[[ Raw data, beginning ]]
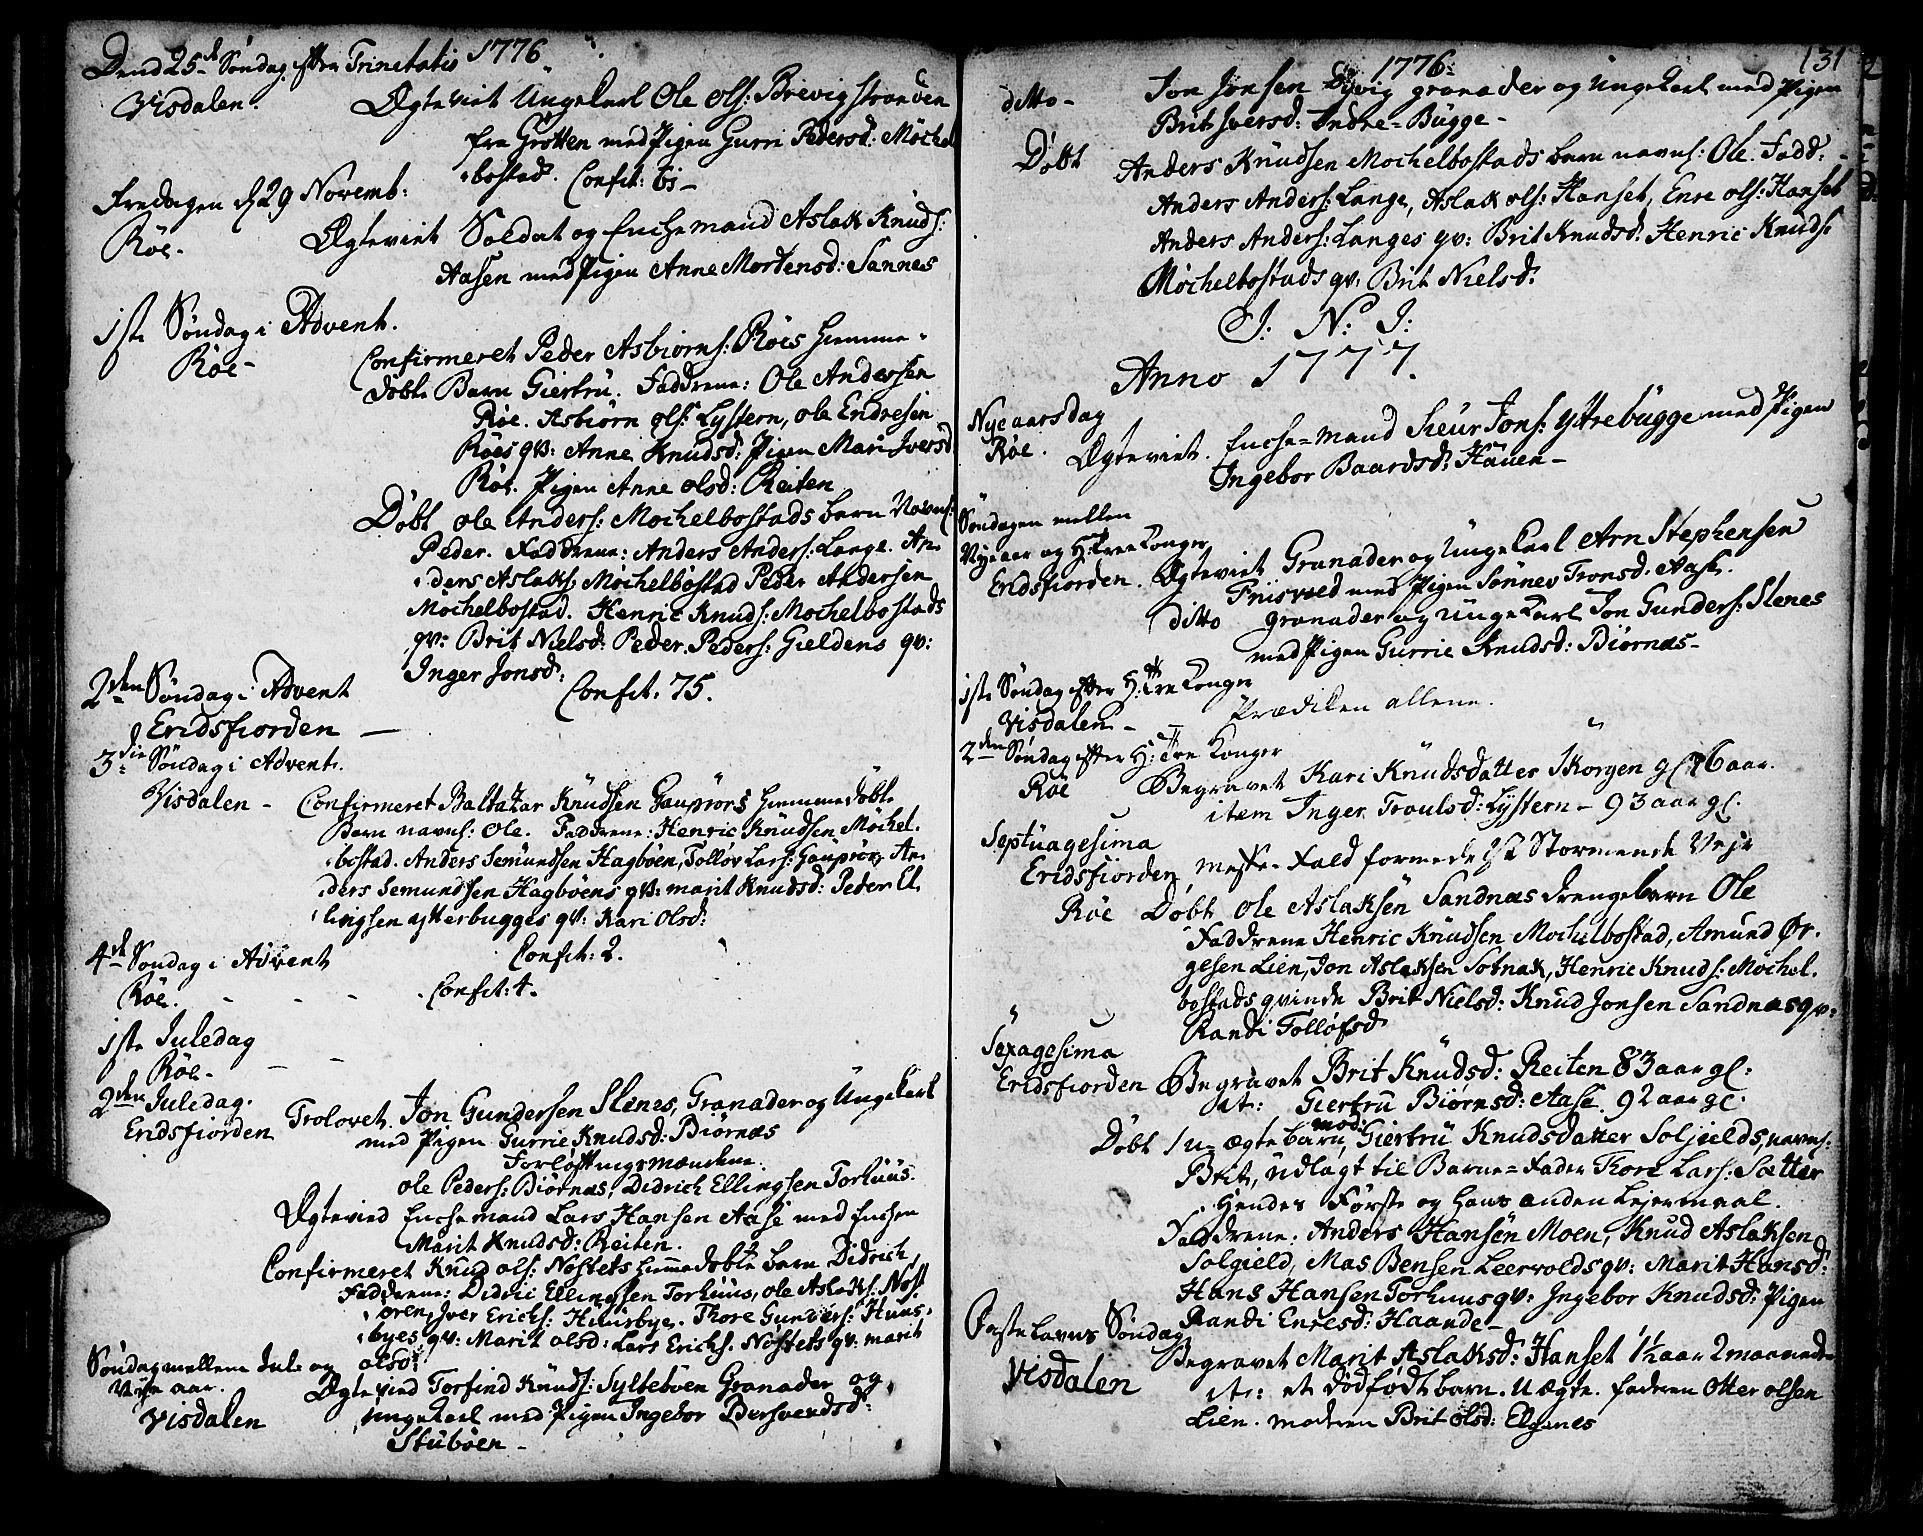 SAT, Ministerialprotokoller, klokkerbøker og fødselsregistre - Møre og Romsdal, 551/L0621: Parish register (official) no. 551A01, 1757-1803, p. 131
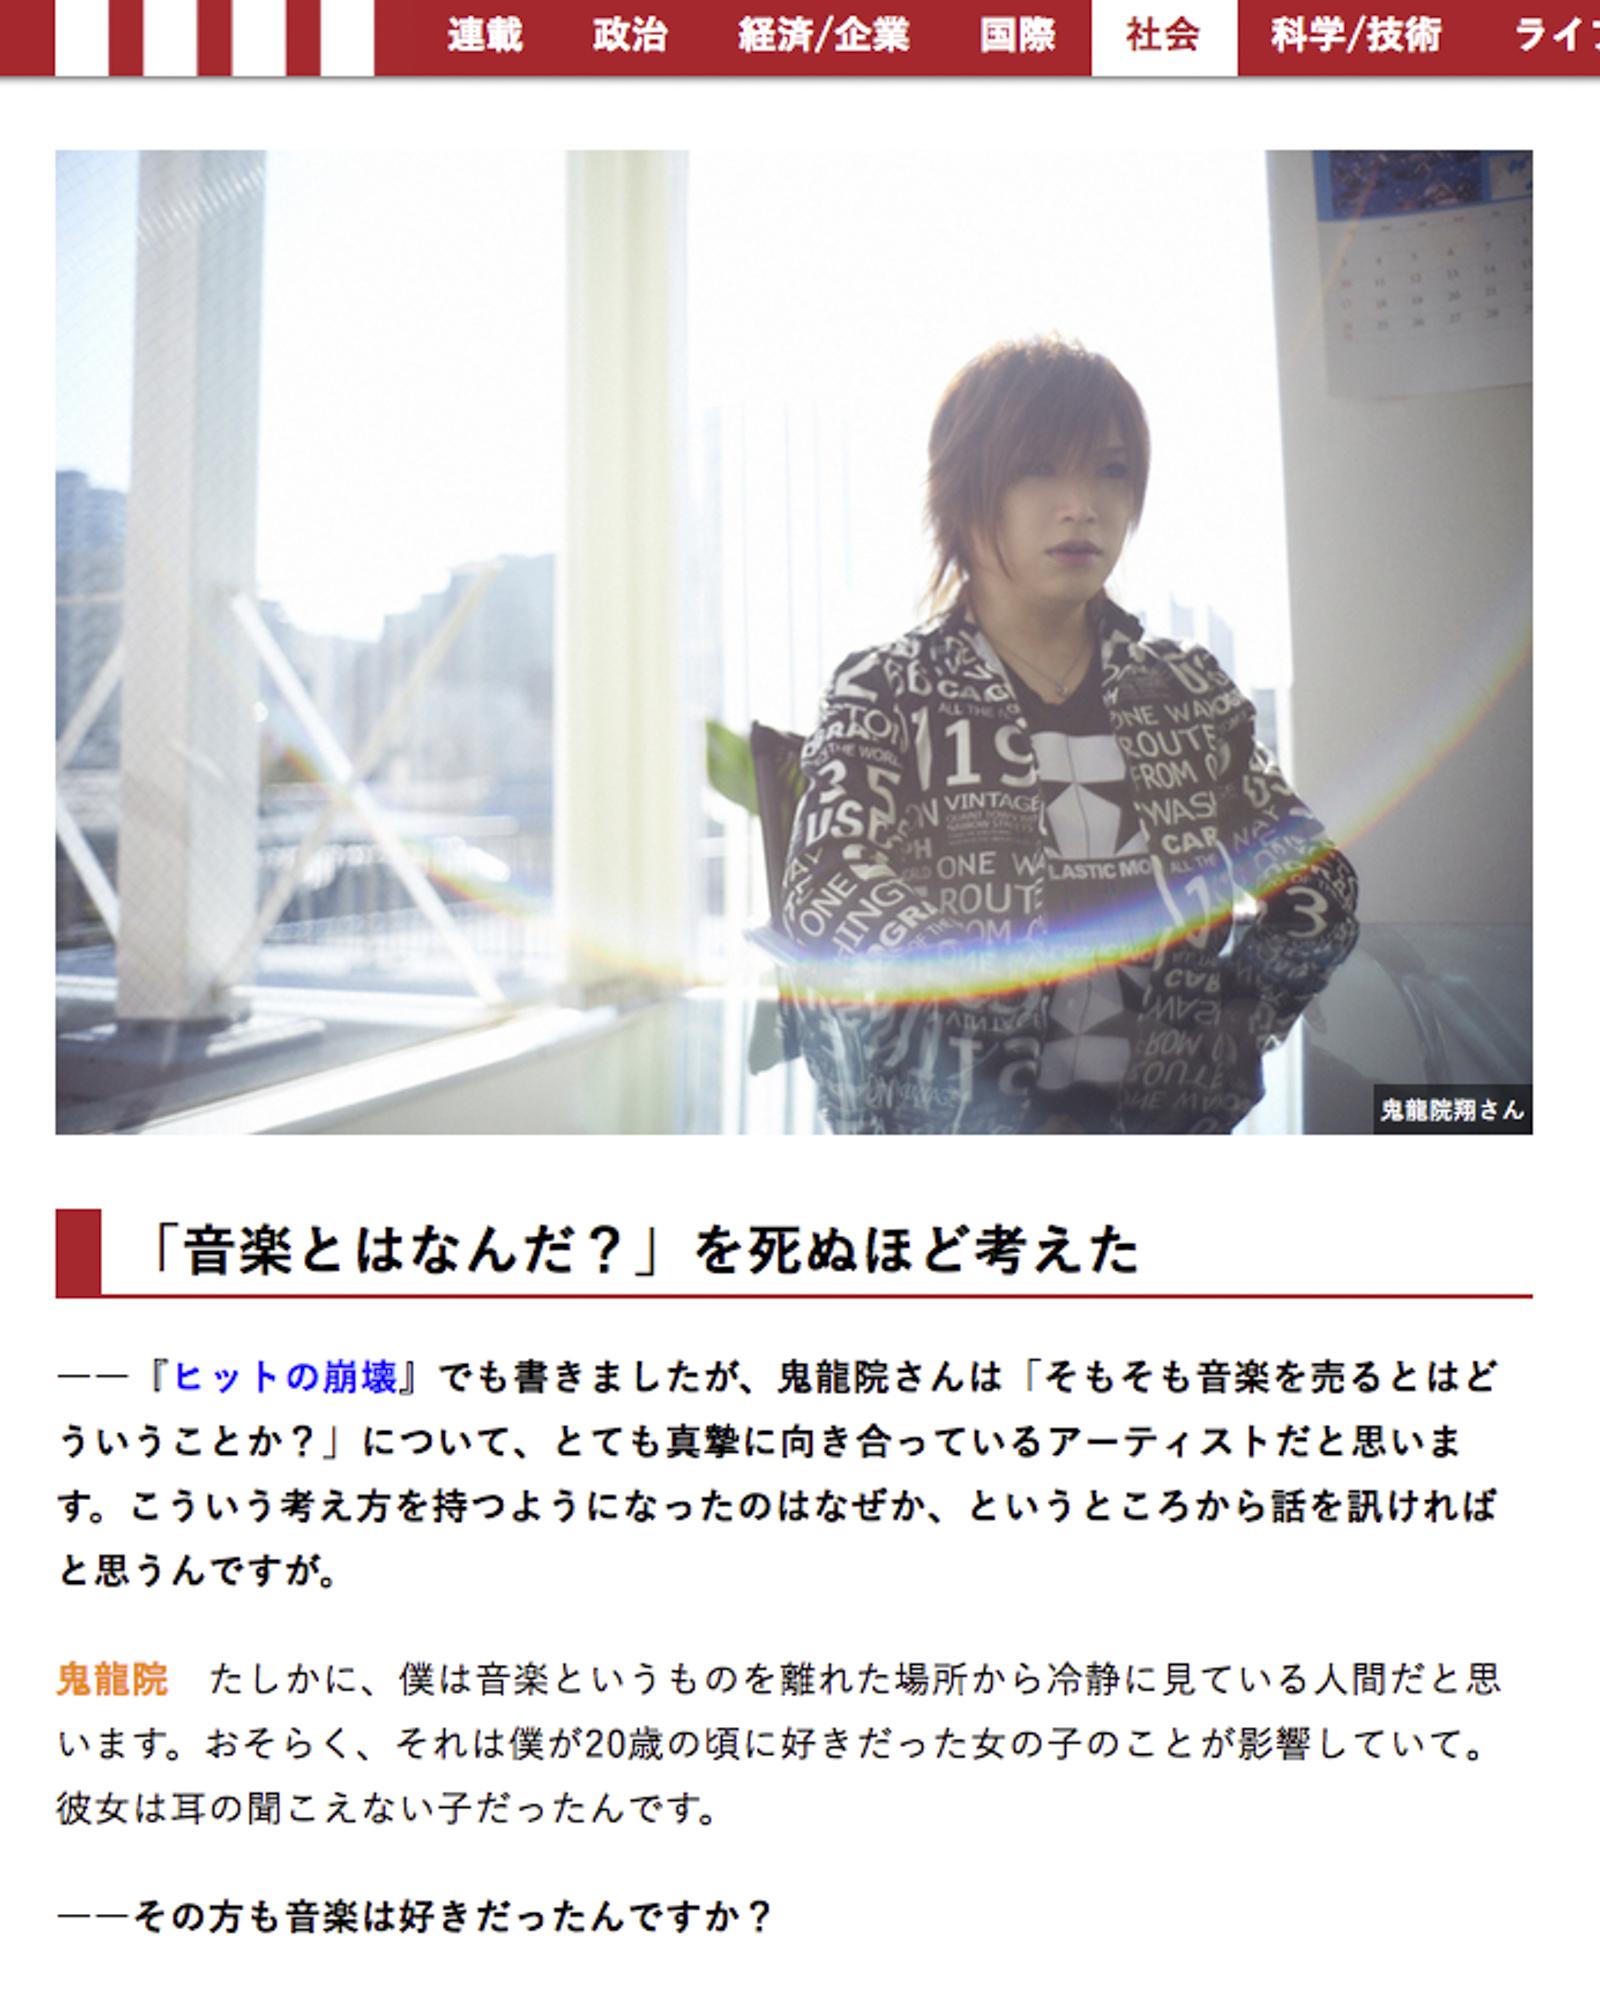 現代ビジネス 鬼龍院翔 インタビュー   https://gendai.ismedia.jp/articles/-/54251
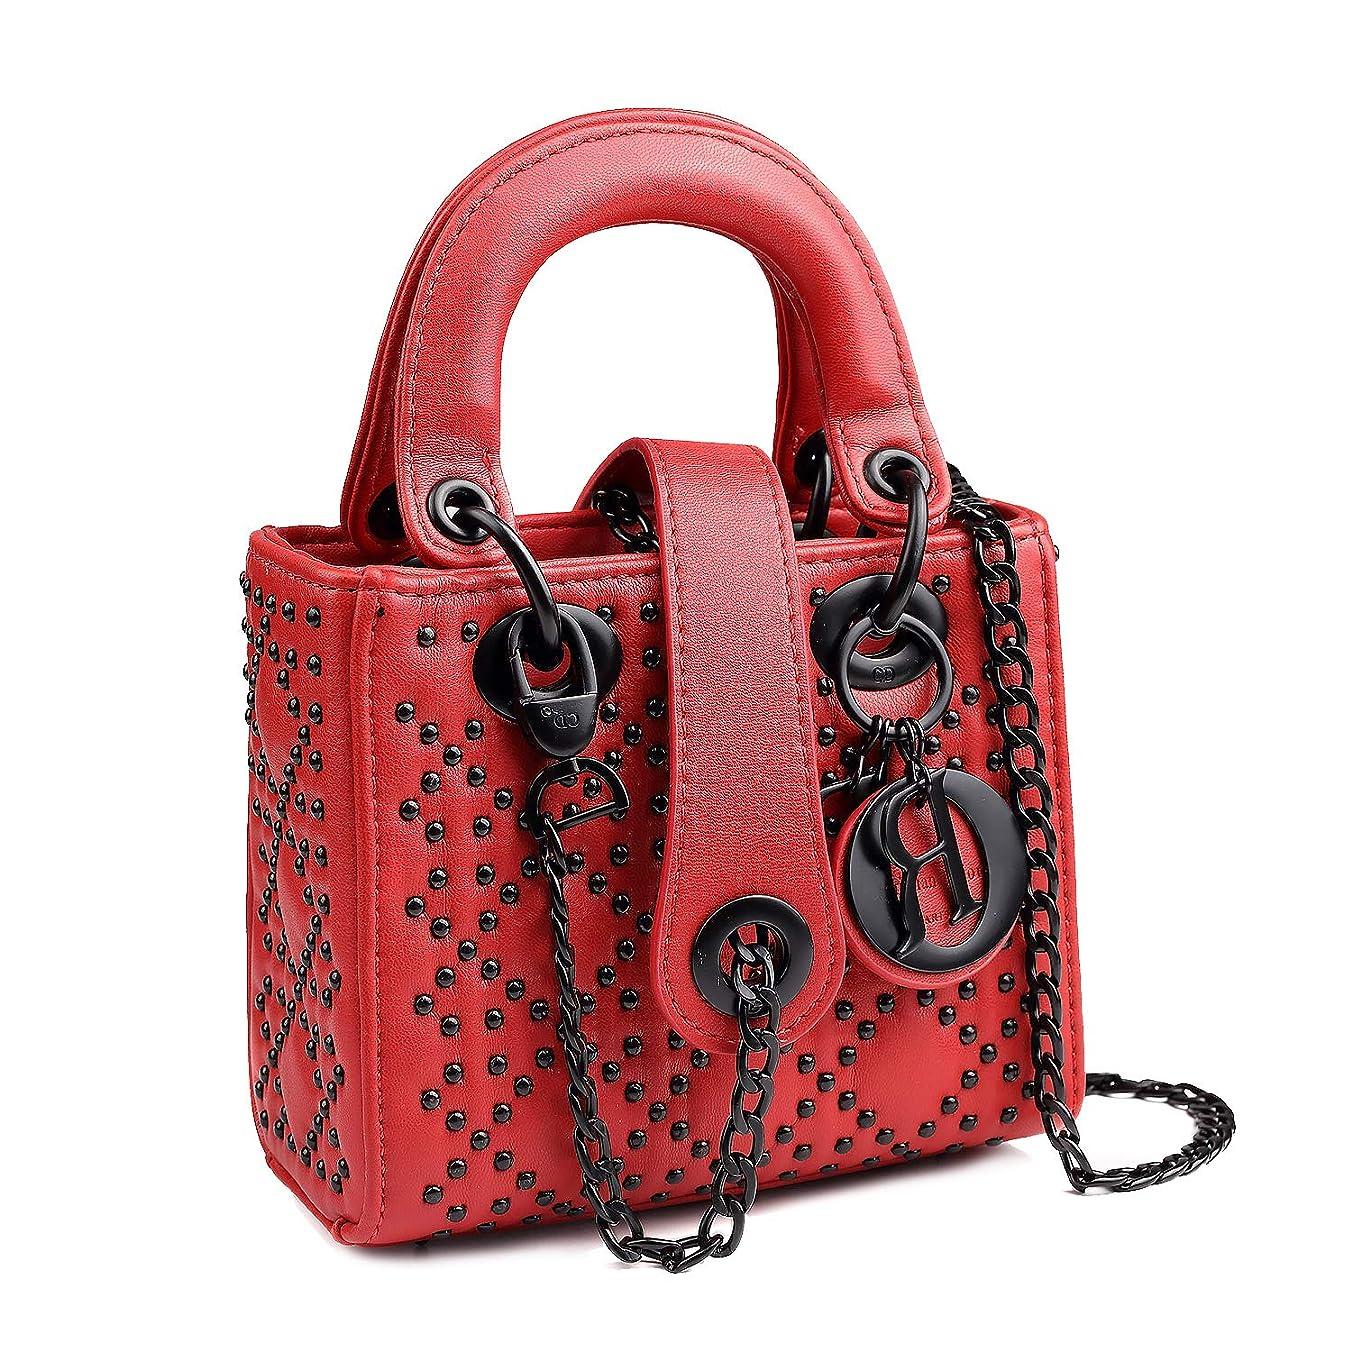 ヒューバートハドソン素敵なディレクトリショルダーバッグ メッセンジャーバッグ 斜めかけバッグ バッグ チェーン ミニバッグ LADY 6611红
[[ Raw data, end ]]
**Task goal:**
Write out an exact copy of the lines beginning at the line that contains "現代ビジネス 鬼龍院翔 インタビュー" and ending at the last line of the listing. Exclude pictures.

**Task response:**
 現代ビジネス 鬼龍院翔 インタビュー   https://gendai.ismedia.jp/articles/-/54251
 ヒューバートハドソン素敵なディレクトリショルダーバッグ メッセンジャーバッグ 斜めかけバッグ バッグ チェーン ミニバッグ LADY 6611红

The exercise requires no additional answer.